The thought of time rarely ever crossed my mind in my days of past. Why? I knew not. It's just that when you had everything in your hands, time seemed like an unimportant matter that could do none to you. But shame was on my part who thought so little of the ancient power of time. Shame was on my part who never stopped to think what might be of the days before my eyes. Shame was on my part who always realized things when it was already too late.

And that applied, in a very vindictive way, in my matter with someone I held so dear. My Fuji Shuusuke, my dear love one. I have failed him in my inattention of what the power of time might bring upon us. I do not seek for forgiveness, for I am of no worthy to receive such an amazing treat, but please let me say these words of my most humble prayer and respectable apology.

My love, I am sorry.

I had been too much engrossed in our happiness that I failed to notice such a simple yet crucial thing called time had begun its toil on us. In my bliss with him, I had forgotten what could possibly lay bare before us. Indeed the months I spent after our reconciliation had brought me to a state of happiness far beyond what I could have imagined before. In those months we had nothing to fear. We laughed, we loved, we were simply being together.

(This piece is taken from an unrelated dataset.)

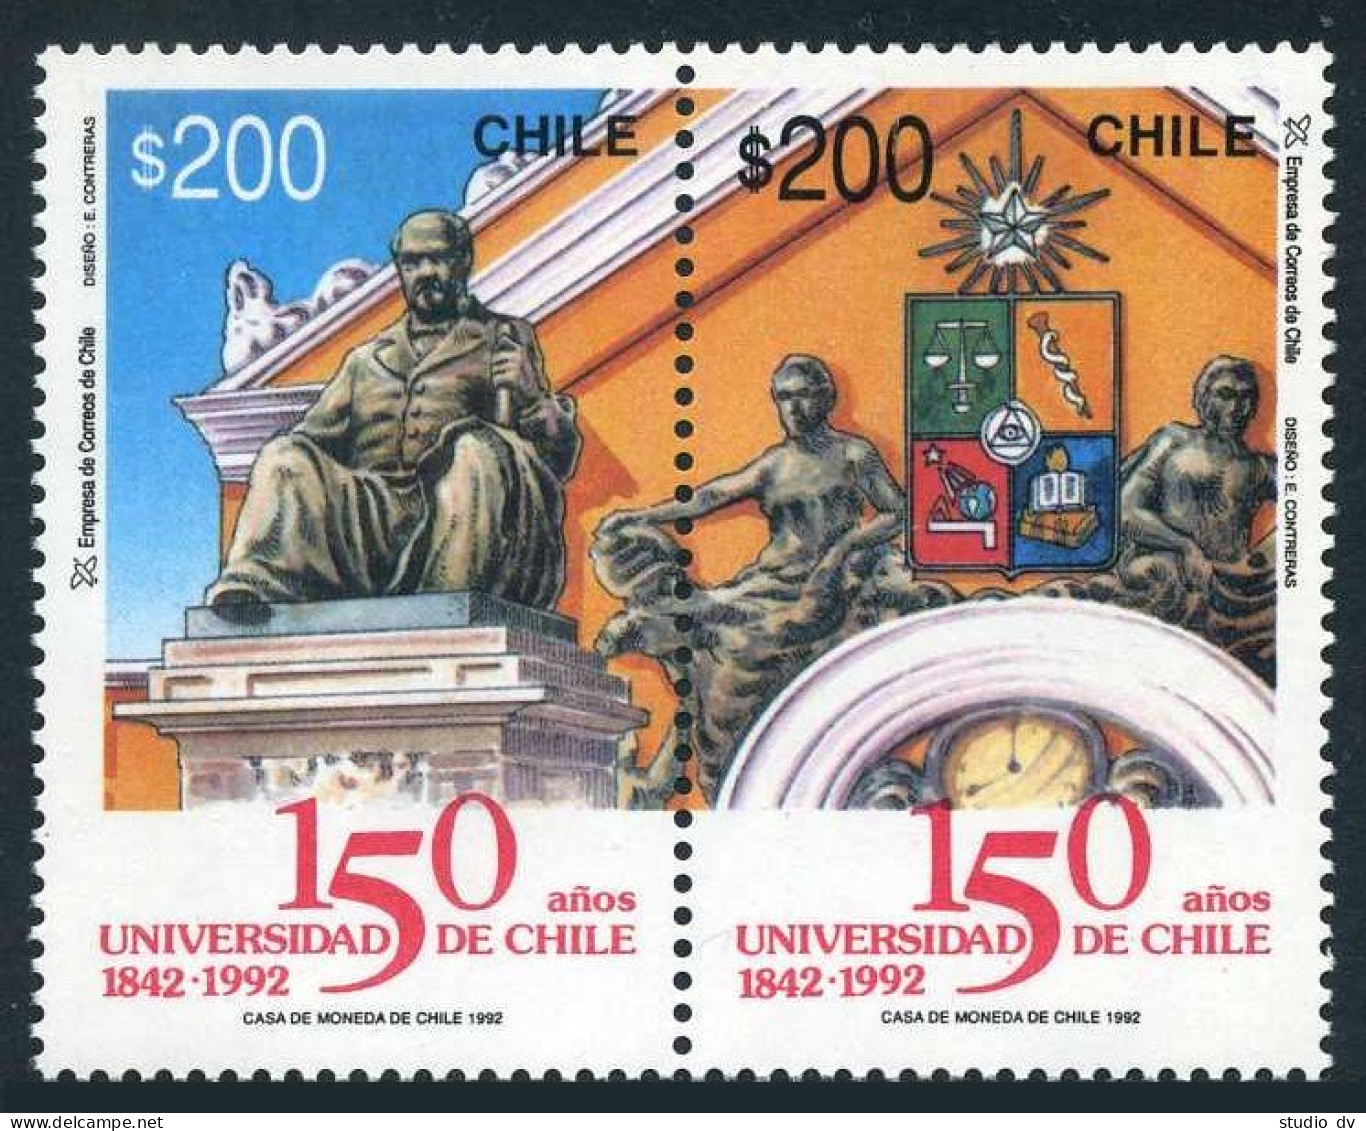 Chile 1034 Ab Pair,MNH. Mi 1534-1535. University Of Chile,150th Ann.1992.Statue, - Chili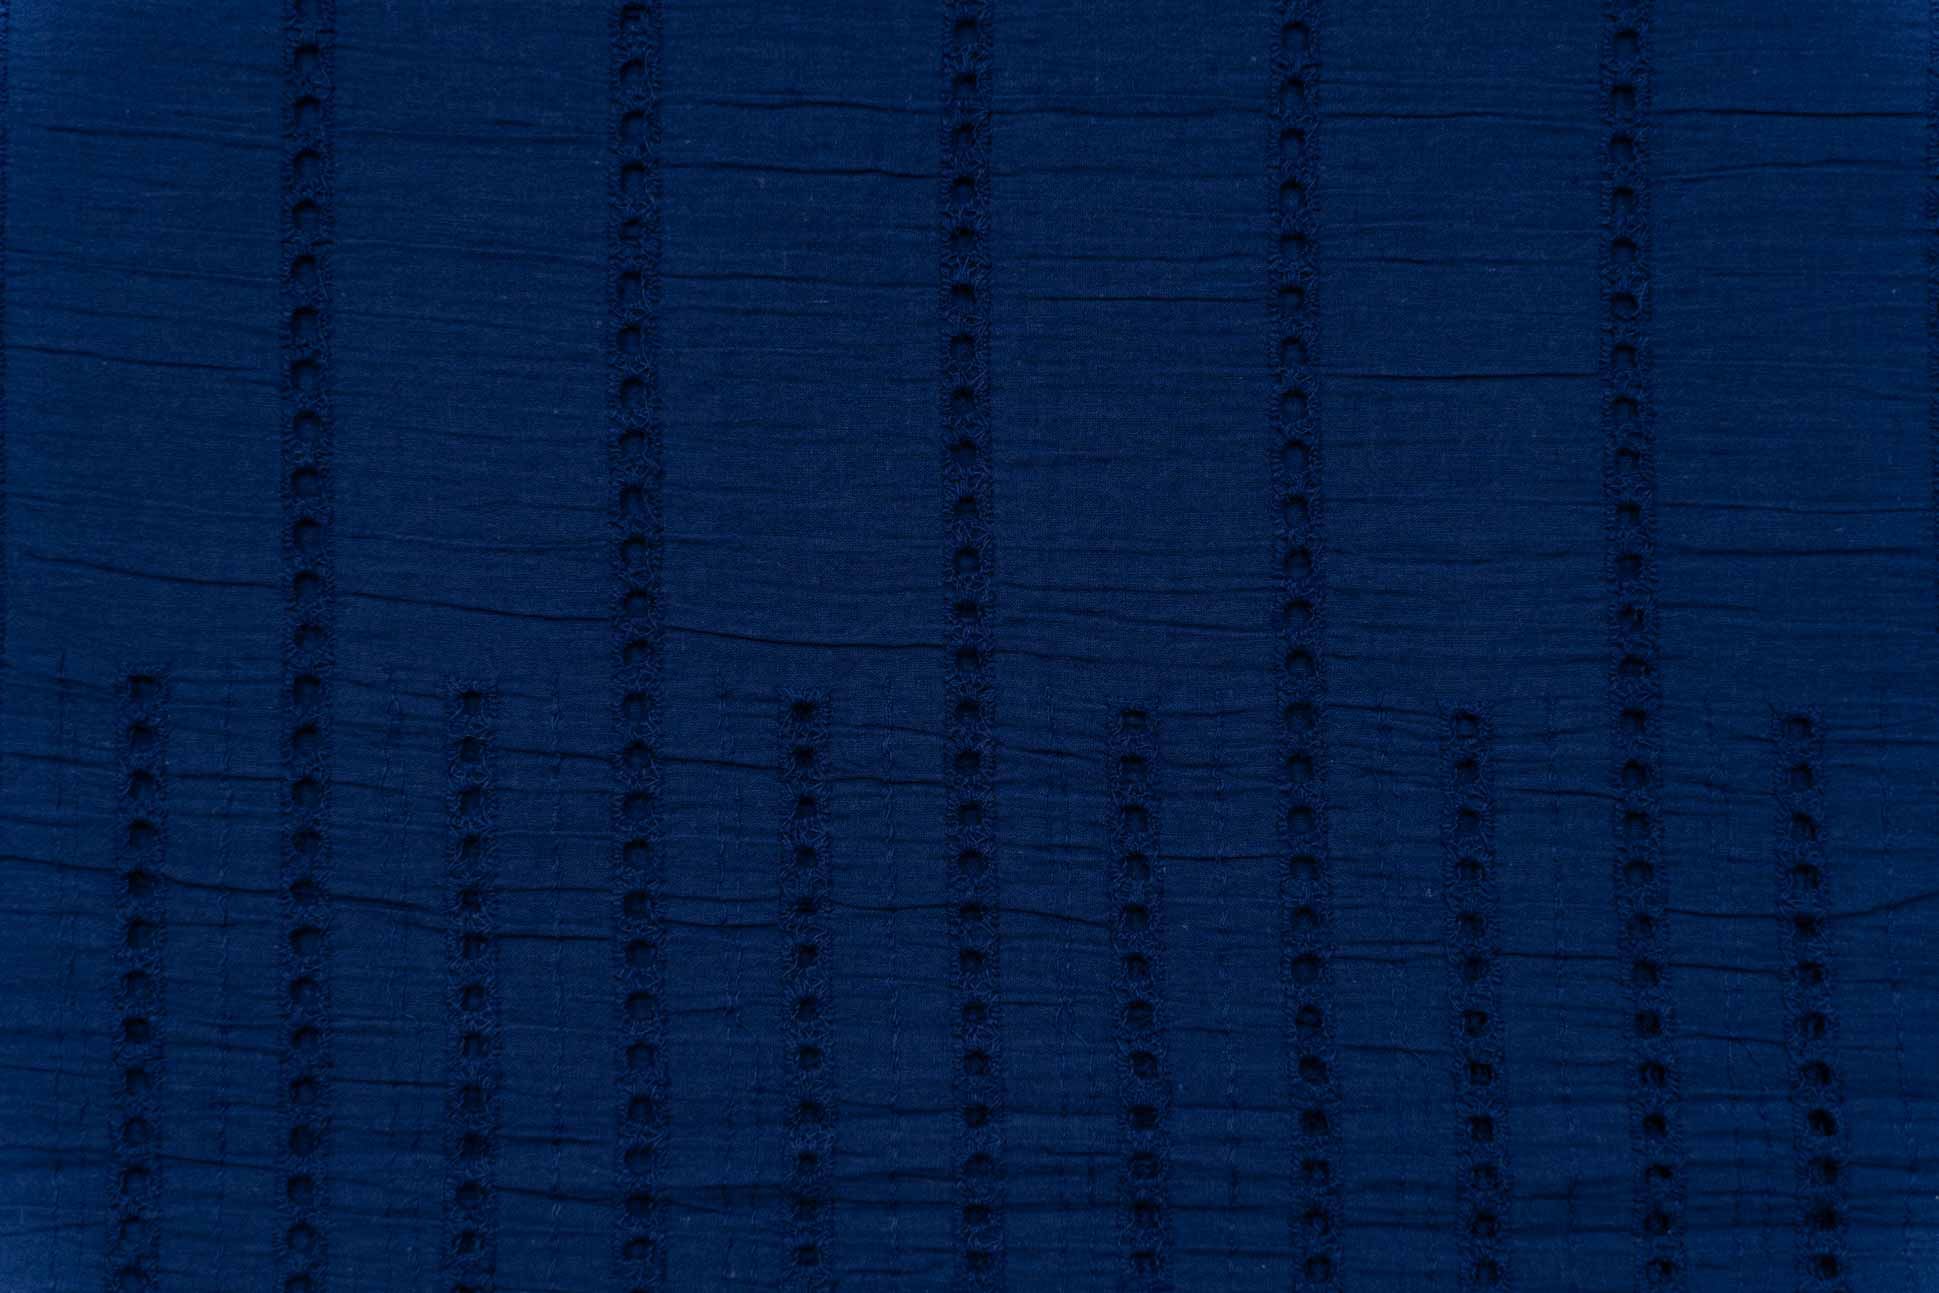 Midnight Blue Chikankari Embroidered Fabric

He was my happiness. My days, weeks, and months with him were the happiest in my life. I might have told you in the beginning of how I loved him then, of how I still love him now, but I wish for you to see every step by which we came, I to love him more than everything, he to hold me dear beyond anything.

It was the day that remarked the third month of me being together with him that we walked together leisurely across that certain place on which we were first met. Under the evergreens I once again found myself standing beside him like what we had so often done recently. The air was humid as it was in the middle of summer, but he seemed not to mind of it. We were just walking and enjoying ourselves, talking if we felt the need, and more than once did we stop for a brief kiss.

And it was then that suddenly he made me realize of the time that had passed between us.

"Don't you realize how long we've been together?" he said as he threw his face to meet mine. His eyes were gleaming with laughter and his smile was never fading.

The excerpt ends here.